Overcoming pressure ulcers with engineered hormones and stem cells - Abstract
Pressure ulcers (PUs) are a common and painful health condition, particularly among people who are elderly or
physically impaired. PUs can affect at least 3 million adults in the U.S. and lead to more than 60,000 patients
with PUs dying from these ulcers each year. Poor tissue regeneration causes substantial morbidity and is the
most crucial risk factor for specific extremity amputation. Primarily, peripheral neuropathy and endothelial
dysfunctions attribute to PUs. There is lacking regimens that effectively enhance tissue regeneration in pressure-
damaged tissue regeneration patients. Many patients still face limb amputation and increased mortality. There
is an unmet yet urgent medical need to develop novel regimens to enhance pressure-ulcer healing and prevent
the recurrence of PU injury healing. We propose this research to tackle this poorly addressed problem. To
overcome this obstacle, we have developed a group of “novel hormonal therapeutics,” stable chimeric albumin
(Alb)- or IgG Fc (Fc)-hormones fusions (Alb- or Fc-hormones) biologics and stable hormones-based
nanomedicines. These engineered stable fusions of biologics or nanomedicines will exhibit prolonged bioactivity
and efficacy in vivo compared with wild-type hormones. These stable analogs may hold promise for treating
pressure ulcers themselves. However, we reason that highly durable hormonal fusion biologics or slow-release
formulas for nanomedicines (i.e., hormonal therapeutics) will be essential for clinical success because pressure
ulcers usually require extended treatments. Our nontoxic hormonal therapeutics will also reduce potential
systemic side effects. Based on this understanding, we hypothesize that delivering highly durable Alb- or Fc-
hormone fusion biologics (novel hormonal therapeutics) will be a promising strategy to enhance tissue
regeneration in numerous pressure patients. This project aims to create stable hormonal therapeutics and study
their therapeutic efficacies alone or with adult adipose stem cells (ASCs) or induced pluripotent stem cells
(iPSCs) to heal chronic PUs. Specific Aims: (Aim 1) Generate novel hormonal therapeutics with potent and
effective bioactivity on keratinocytes and endothelial cells (KECs). (Aim 2) Investigate the effects of novel
hormonal therapeutics on reprogramming of KECs from ASCs or iPSCs in vitro and in rodent models. (Aim 3)

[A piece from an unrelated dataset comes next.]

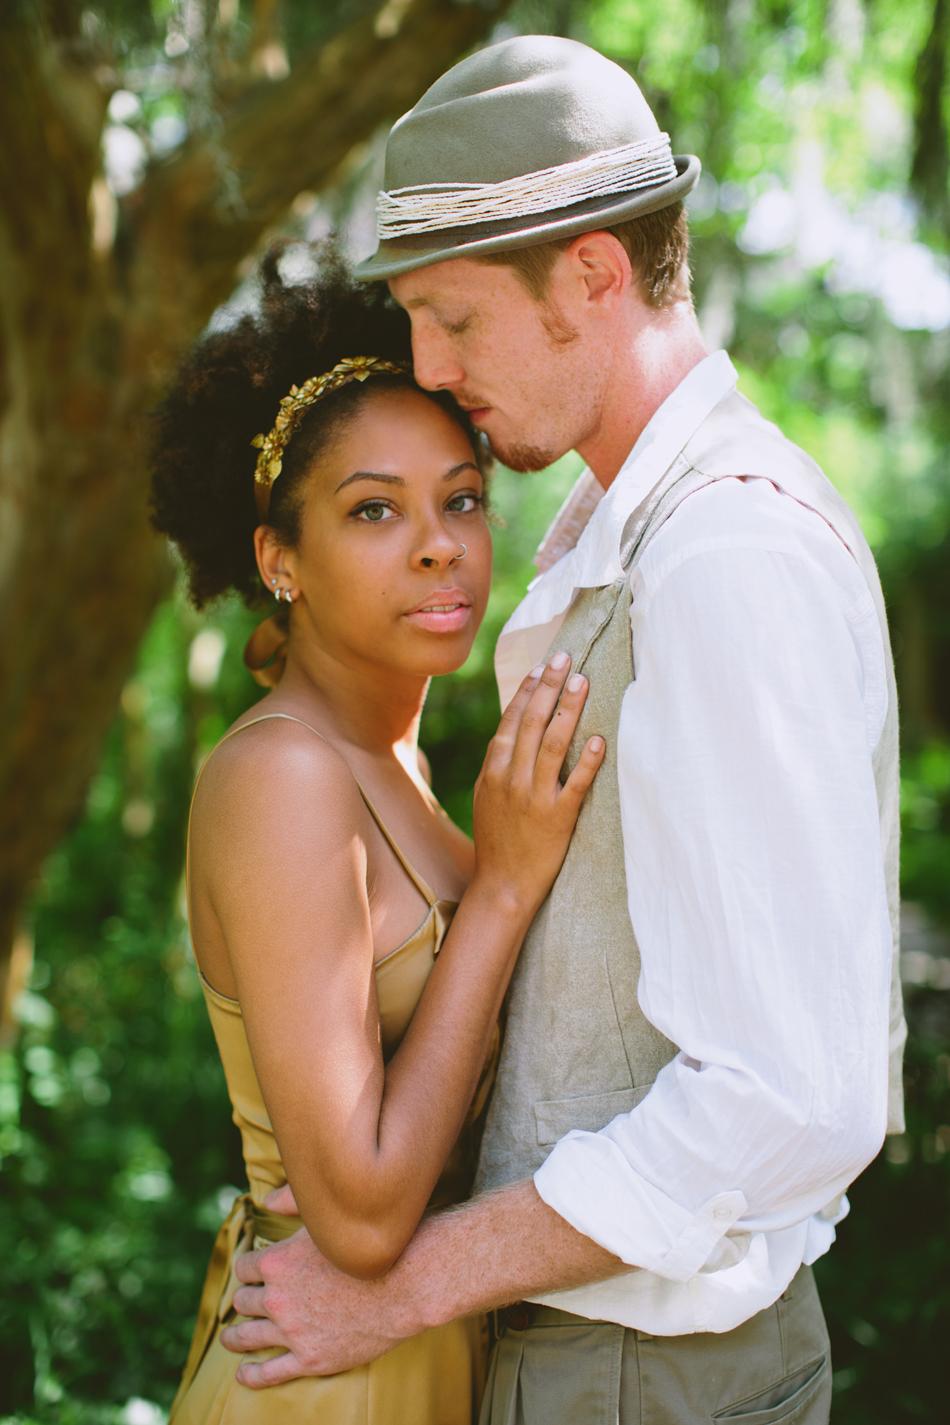 Jameykay_arlie_bohemian_elopement_styled_shoot014.jpg
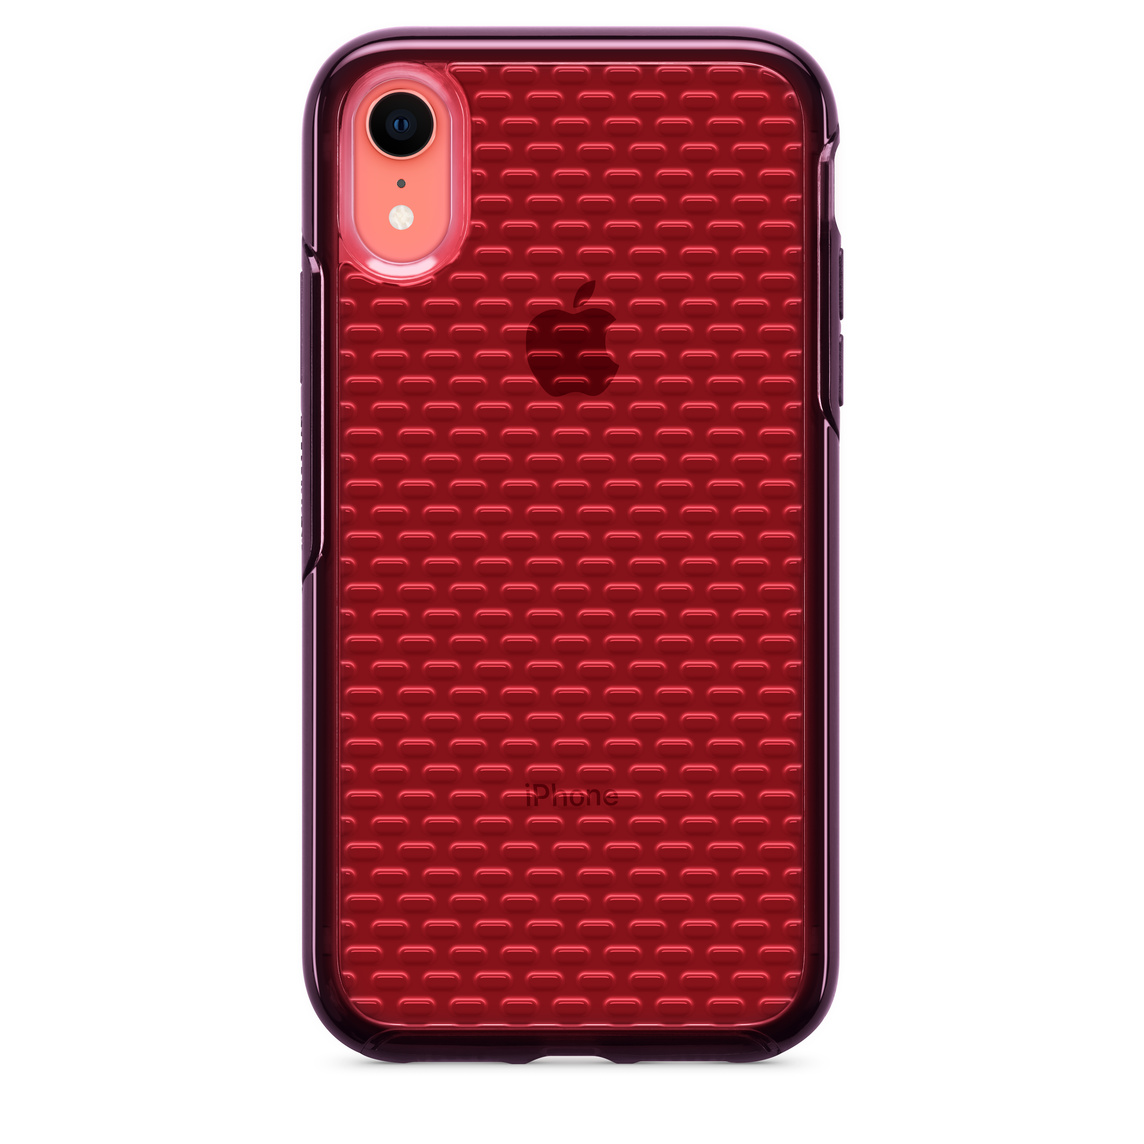 Custodia Evo Rox di Tech21 per iPhone XR - Rosso - Apple (IT)

Determine the efficacy of combination regimens (novel hormonal regimens plus ASCs or iPSCs) in improving
PU tissue regeneration using a PU rodent model and conduct toxicity studies. Significance: Our novel therapies
allow us to rapidly test whether they suppress PUs specifically to improve patients with PUs. After this study, we
will identify safe and effective anti-PU regimens ready for preclinical development (e.g., toxicity and PK studies),
which will be addressed during Phase II. We expect this work strongly supports future SBIR Phase II to make
this work to be an effective and first-in-class therapy for PUs.